QC_REPORTING: Compiles quality control metrics from various steps into a comprehensive report for easy interpretation.
DIFFERENTIAL_METHYLATION:
EDGER_ANALYSIS:
- Takes coverage files, a design file, and comparison information as input.
- Performs differential methylation analysis using the EdgeR Bioconductor package.
- Outputs CSV files with differential methylation results for each group comparison.
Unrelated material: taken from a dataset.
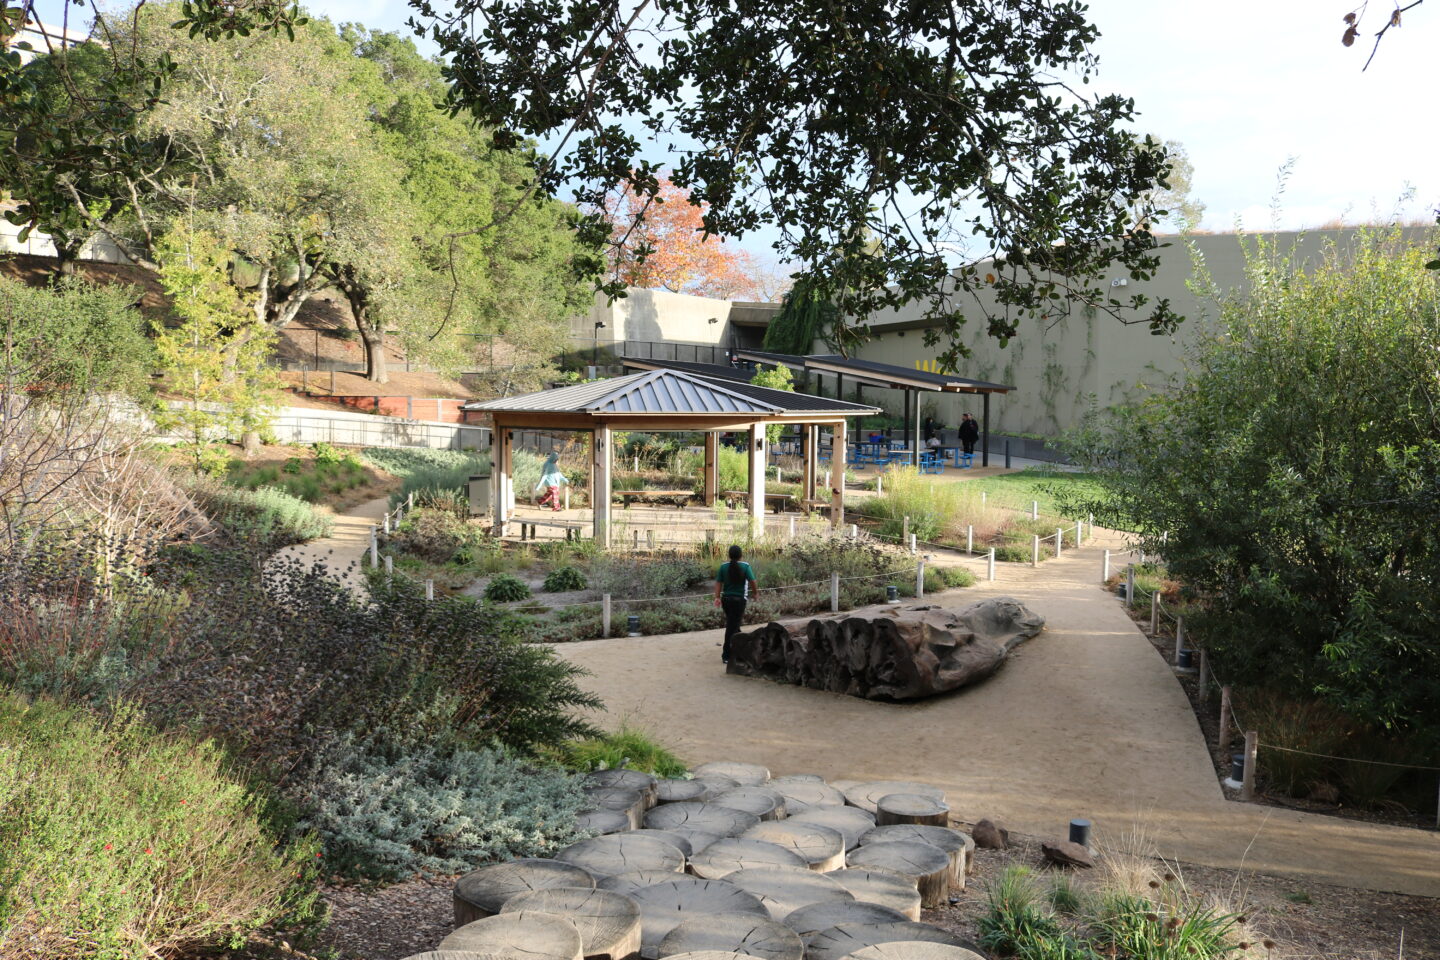 The Outdoor Nature Lab pavilion

METHYLKIT_ANALYSIS:
- Takes coverage files, a design file, and comparison information as input.
- Performs differential methylation analysis using the EdgeR Bioconductor package.
- Outputs CSV files with differential methylation results for each group comparison.
POST_PROCESSING:
Reads the EdgeR results and generates:
- Summary statistics (total DMRs, hyper/hypomethylated regions, significant DMRs)
- Volcano plot (visualizing fold change vs. significance)
- MA plot (visualizing intensity vs. fold change)
Functional Analsysis
Reads the EdgeR/MethylKit results and generates -
Top n corresponding genes from the EdgeR/MethylKit results are picked up to generate the gene ontology results.
generates a CSV file with the GO classification results (only Biological Processes).
generates a Chord diagram for top 10 results from the GO analysis.

Read processing¶

Read processing subworkflow includes -

FASTQC - for Quality check of samples
TRIM Galore - adapter trimming

FastQC¶

FASTQC is a widely used tool for assessing the quality of raw and processed sequencing data. It provides a comprehensive quality check, including metrics like per-base quality scores, GC content, and adapter contamination.

fastqc $args --threads $task.cpus $reads

General Options

<file{R1,R2}.fastq>: Input FASTQ files (gzip-compressed files, e.g., file1.fastq.gz, are also supported).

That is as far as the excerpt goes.